> Mental Health: A Report by the Surgeon General: Service Delivery

Mental Health: A Report by the Surgeon General


Provided by David Satcher, M.D., Ph.D.
Surgeon General of the United States of America

Chapter 3: Children and Mental Health

Service Delivery

The focus of this section is on service systems—their origins, nature, and financing and also their effectiveness, delivery, and utilization—rather than on individual interventions and treatments, which were covered in previous sections of this chapter.

About 20 years ago it became clear that children and families were failing to receive adequate care from the public sector, whose services were fragmented, inadequate, and overreliant on institutional care. As a result, the emphasis of service delivery has shifted to systems of care that are designed to provide culturally competent, coordinated services; community-based services; new financing arrangements in the private and public sectors; family participation in decisionmaking about care for their children; and individualized care drawing on treatment and social supports called wraparound services, described above. Thus, there has been progress in transforming the nature of service delivery and its financing, but the central question of the effectiveness of systems of care has not yet been resolved.

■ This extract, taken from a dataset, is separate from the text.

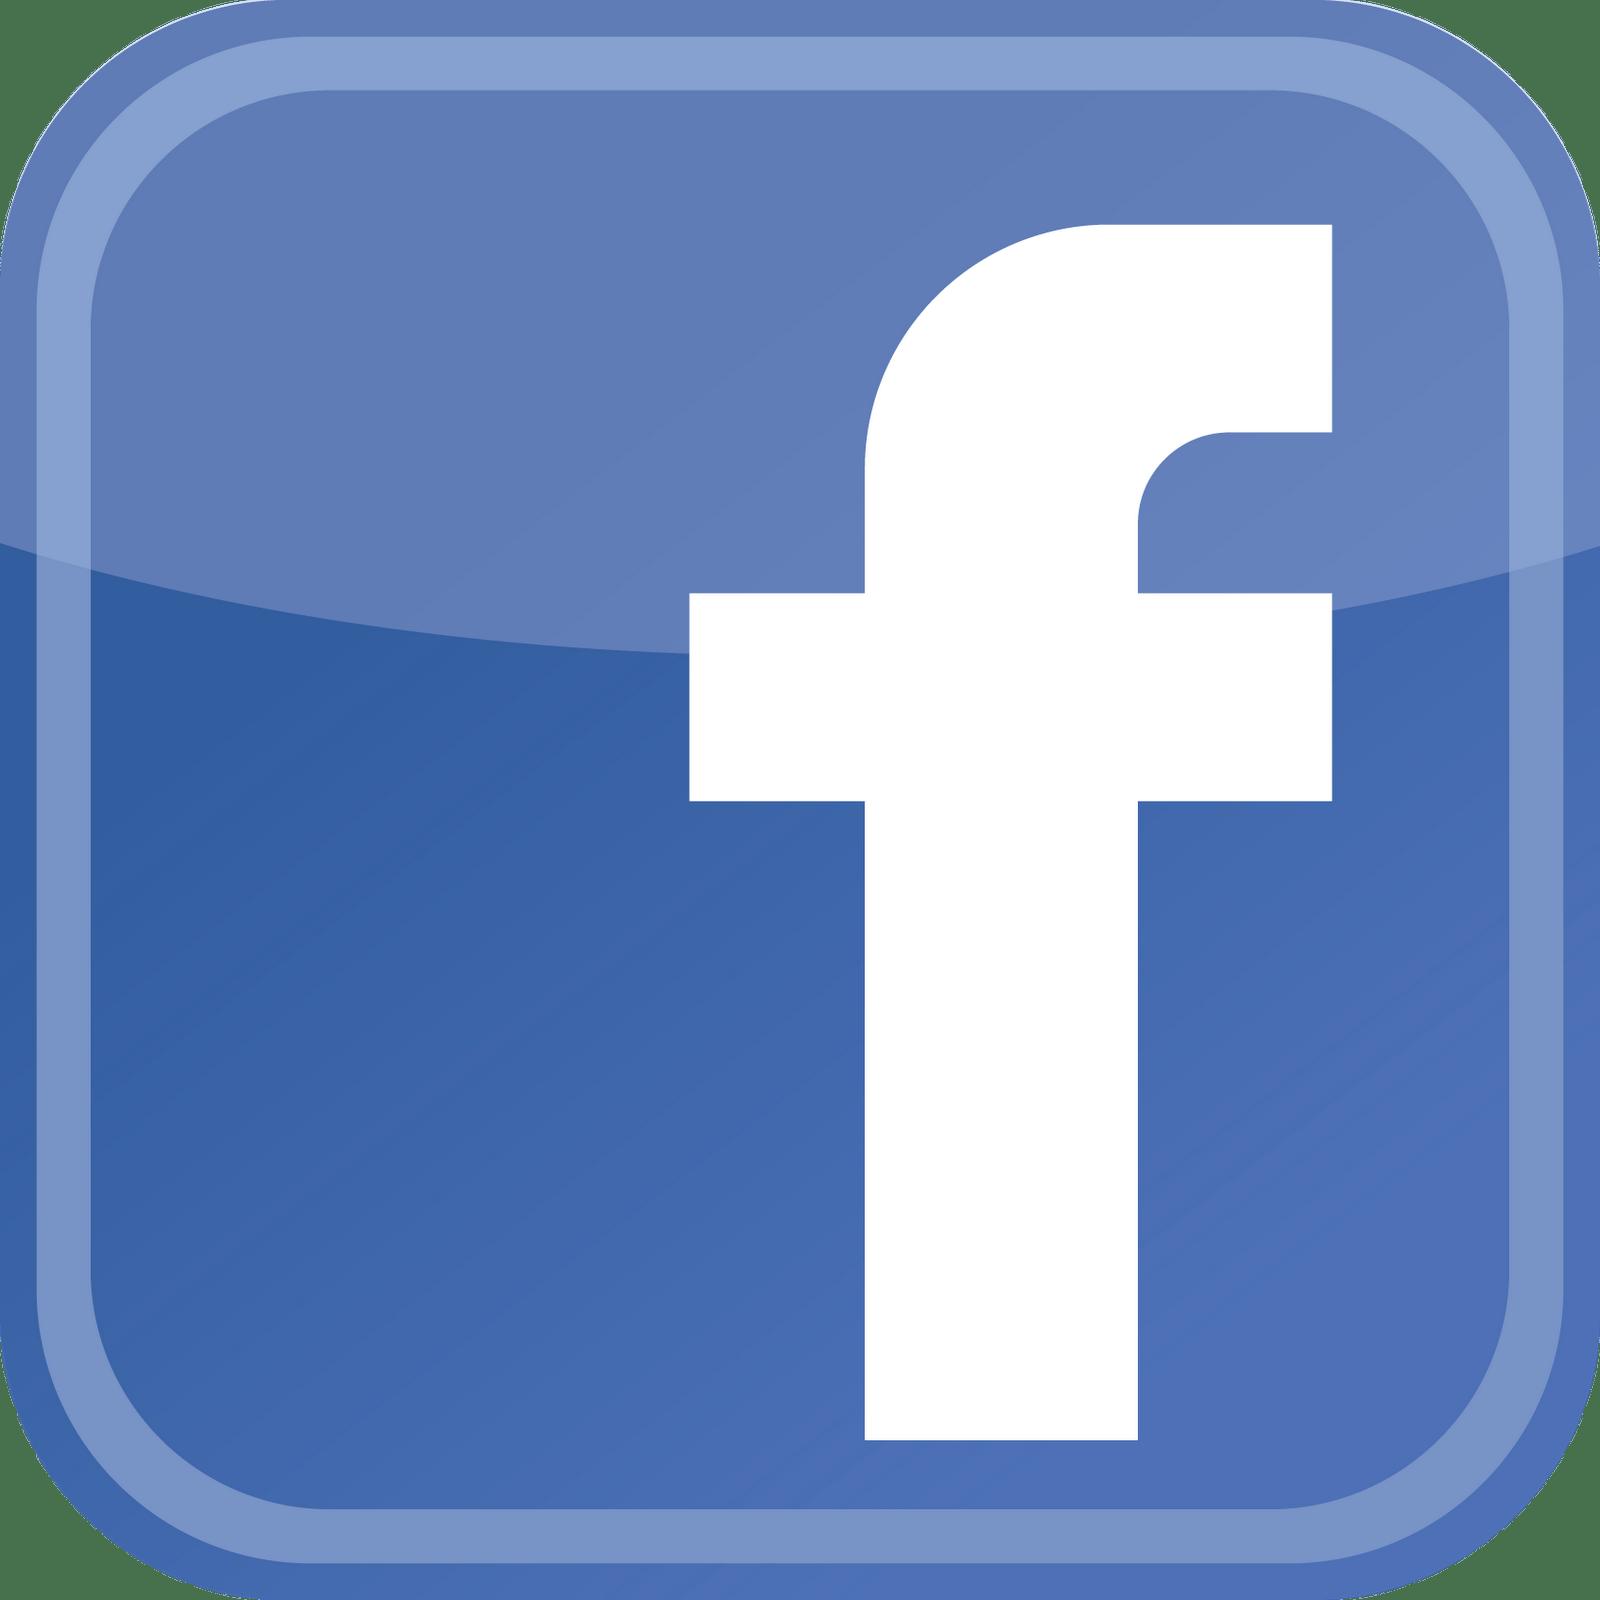 facebook-logo-png-7

At the outset, it is important to note that while systems of care are designed to provide the appropriate level of services for all children, it is children with serious emotional disturbances, particularly children who are involved in multiple service sectors, who are likely to benefit the most. There are approximately 6 million to 9 million children and adolescents in the United States with serious emotional disturbances (Friedman et al., 1996a; Lavigne et al., 1996), accounting for 9 to 13 percent of all children (Friedman et al., 1996a; Friedman et al., 1998).

The system for delivering mental health services to children and their families is complex, sometimes to the point of inscrutability—a patchwork of providers, interventions, and payers. Much of the complexity stems from the multiple pathways into treatment and the multiple funding streams for services. However, once care has begun, the interventions and settings themselves are generally the same as those covered in previous sections of this chapter.